Afganistan hükümetindeki yolsuzluklar
Geçen yıl Afganistan'ın başkan yardımcısı Birleşik Arap Emirlikleri'ni ziyaret ettiğinde, yerel makamlar yanında 52 milyon dolar nakit taşıdığını ortaya çıkardı. Kabil'deki Amerikan elçliği bunun "önemli bir miktar" olduğunu kabul ederek, Ahmed Ziya Mesud'un "sonuç olarak paranın kökenini ve gideceği yeri açıklamak zorunda olmadan onu taşıyabaileceğini" açıkladı. Başkan yardımcısı ise Afganistan dışına para çıkardığını inkâr ediyor.

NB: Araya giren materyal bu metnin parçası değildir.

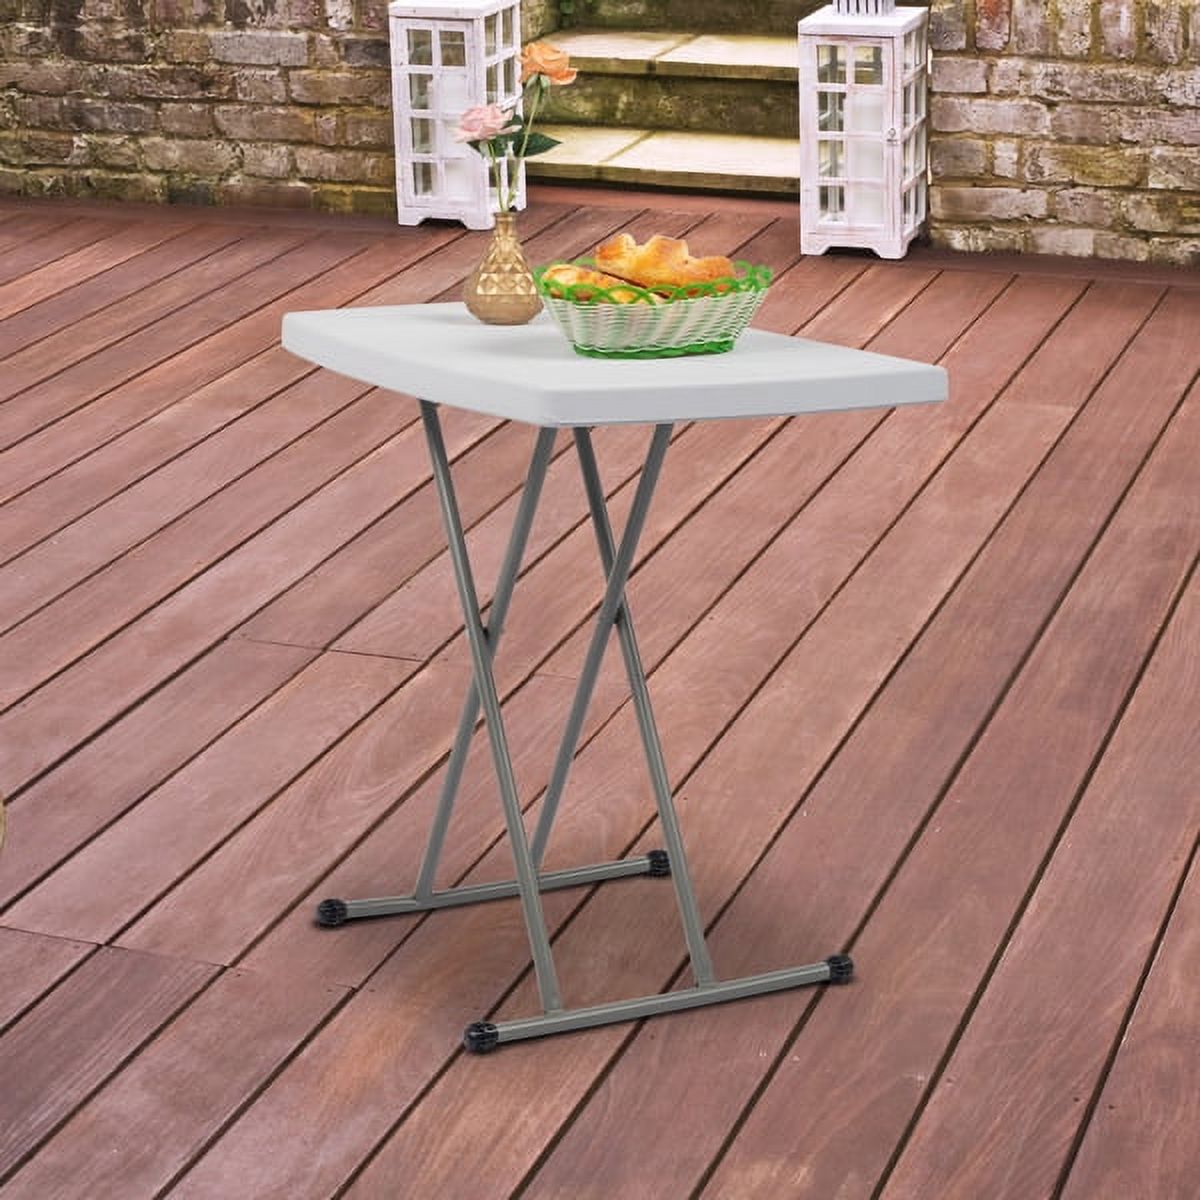 Folding Outdoor Side Table for Living Room, Portable Side End Table for Sofa, Indoor, Outdoor, Camping, Picnics, Balcony, Backyard, Garden, Patio Side Table - image 4 of 9

Belgeler nasıl sızdırılmıştı?
WikiLeaks'in yayınladığı belgeler, ABD Savunma Bakanlığı tarafından kullanılan Siprnet isimli gizli ağda paylaşılan makaleler ve yazışmalardan oluşuyor. Siprnet, bürokratik işleyişi hızlandırmak amacıyla, ABD'nin çeşitli ülkelerdeki konsolosluklarını birbirine bağlıyor. Dışarıya kapalı olmasına rağmen, yetkili konsolosluk çalışanları ile Irak ve Afganistan'dakiler de dahil olmak üzere askeri üslerdeki askerler tarafından ulaşılabiliyor, ki bu da yaklaşık 3 milyon insanı kapsıyor. Belgeleri sızdıran kişinin de Irak'ta istihbarat analisti olarak görev yapan 22 yaşında bir asker olduğu iddia ediliyor. Diplomatik yazışmaların bulunduğu belgeler, Irak savaşıyla ilgili daha önce yayınlanan belgelerle aynı anda sunuculara yüklenmiş, ancak yaratacağı etkiyi arttırmak için farklı zamanlarda yayınlanmış.